Книга Сладкая горечь слез - Нафиса Хаджи
Шрифт:
Интервал:
Закладка:
— Нет ничего дурного в том, чтобы ходить босиком, — объявила Бабушка Фэйт. — На мой взгляд, есть как раз нечто подлинное и честное в контакте с землей обнаженными стопами. Гек Финн был не так уж не прав, когда сопротивлялся «цивилизации», которую предлагала ему вдова, и сбрасывал ботинки при каждом удобном случае. Но для некоторых ребятишек в этом городке обувь — вопрос жизни и смерти. Здесь не берег Миссисипи. Неподалеку расположена огромная свалка, и детишки вынуждены рыться в отбросах, выискивая еду, всякий хлам — на продажу и для себя, чтобы выжить.
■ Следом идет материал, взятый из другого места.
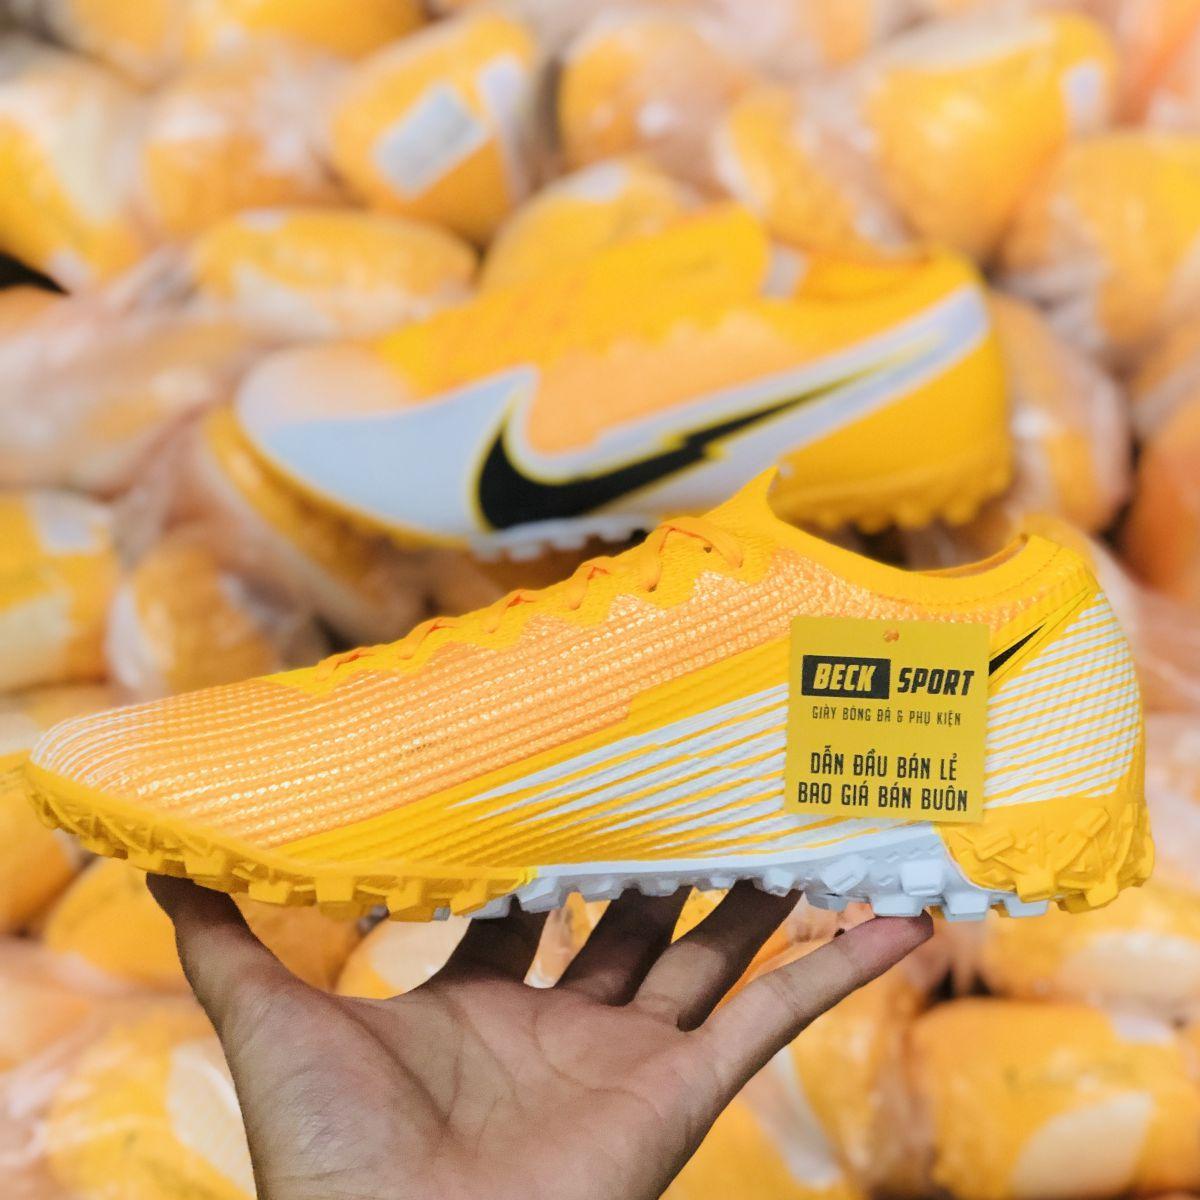 Giày Bóng Đá TQ Nike Mercurial Vapor 13 Elite Vàng Trắng Vạch Đen Cổ Lửng TF

Но среди этого мусора попадается множество медицинских игл — инфицированных. Достаточно случайно уколоться — и малыш заражен СПИДом или другой страшной болезнью. Так что обувь для них крайне важна. Я знаю, что сейчас многие даже гордятся тем, что мыли ноги нищим и убогим в ходе благотворительных программ, это стало почти модой. Но в данном случае речь идет вовсе не о самоуничижении и не о повторении библейских сцен, хотя некоторая параллель все же обнаруживается. Вы просто осуществляете необходимое действие, жизненно необходимое, — а не символический акт.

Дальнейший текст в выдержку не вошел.